1. Low-Speed Optimization Design for Real-Time Control Systems
Real-time performance is a critical factor in the measurement and control system of a gyro. This section focuses on designing and optimizing the low latency and stability of the control system. The first part of the low-latency optimization includes both hardware and software improvements. Hardware optimization involves selecting appropriate high-speed buses and managing their transmission control methods. On the software side, it includes optimizing operating system drivers and refining control algorithms. The second part of the optimization focuses on ensuring the stability of the computer-based real-time control system, allowing it to consistently generate output signals.
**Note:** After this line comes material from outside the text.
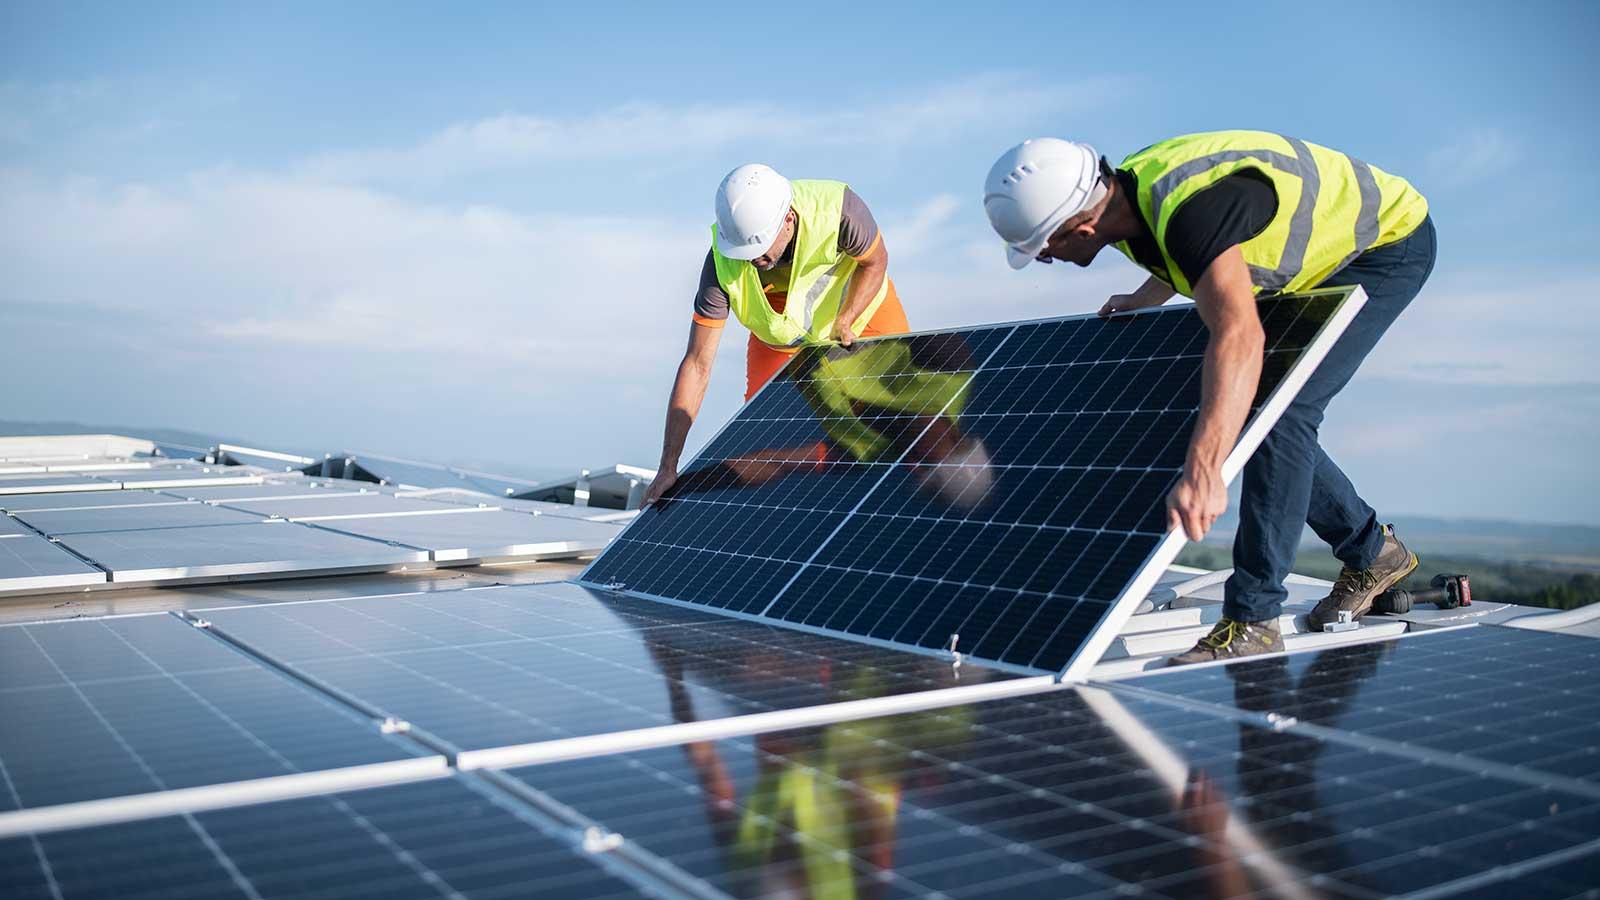 esball国际平台客户端土木环境工程项目工程师安装太阳能电池板

In practical engineering, the system must avoid being affected by interrupt delays or fluctuating transmission delays when controlling the gyro equipment.
1.1 Low-Latency Optimization in Data Transmission
Figure 1: Low-latency optimization scheme for real-time measurement and control platform
Figure 1a illustrates the hardware and software architecture along with the data flow of the real-time measurement and control platform. Once a hardware interrupt is triggered, the data collected by the ADC must pass through an interface conversion layer, the PCIe IP core of the FPGA, and the PCIe bus before reaching the computer's I/O memory space. After memory address mapping is completed, the user program can read the data from memory for further processing. In actual multi-threaded data transfers, additional delays occur, as shown in Figure 1b. These include interrupt latency, thread latency, and thread context switch latency. Interrupt latency refers to the time difference between the execution of the hardware interrupt and the first instruction in the Interrupt Service Routine (ISR). It is mainly influenced by the kernel architecture, CPU frequency, and load. Due to thread scheduling, the kernel requires time to save and restore the thread context, acquire or release semaphores, and perform other related tasks. Thread latency is defined as the time difference between the moment a waiting thread is signaled in the ISR and the moment it begins executing its first instruction. The thread context switch time is the time difference between the first instruction of one thread and the first instruction of another thread.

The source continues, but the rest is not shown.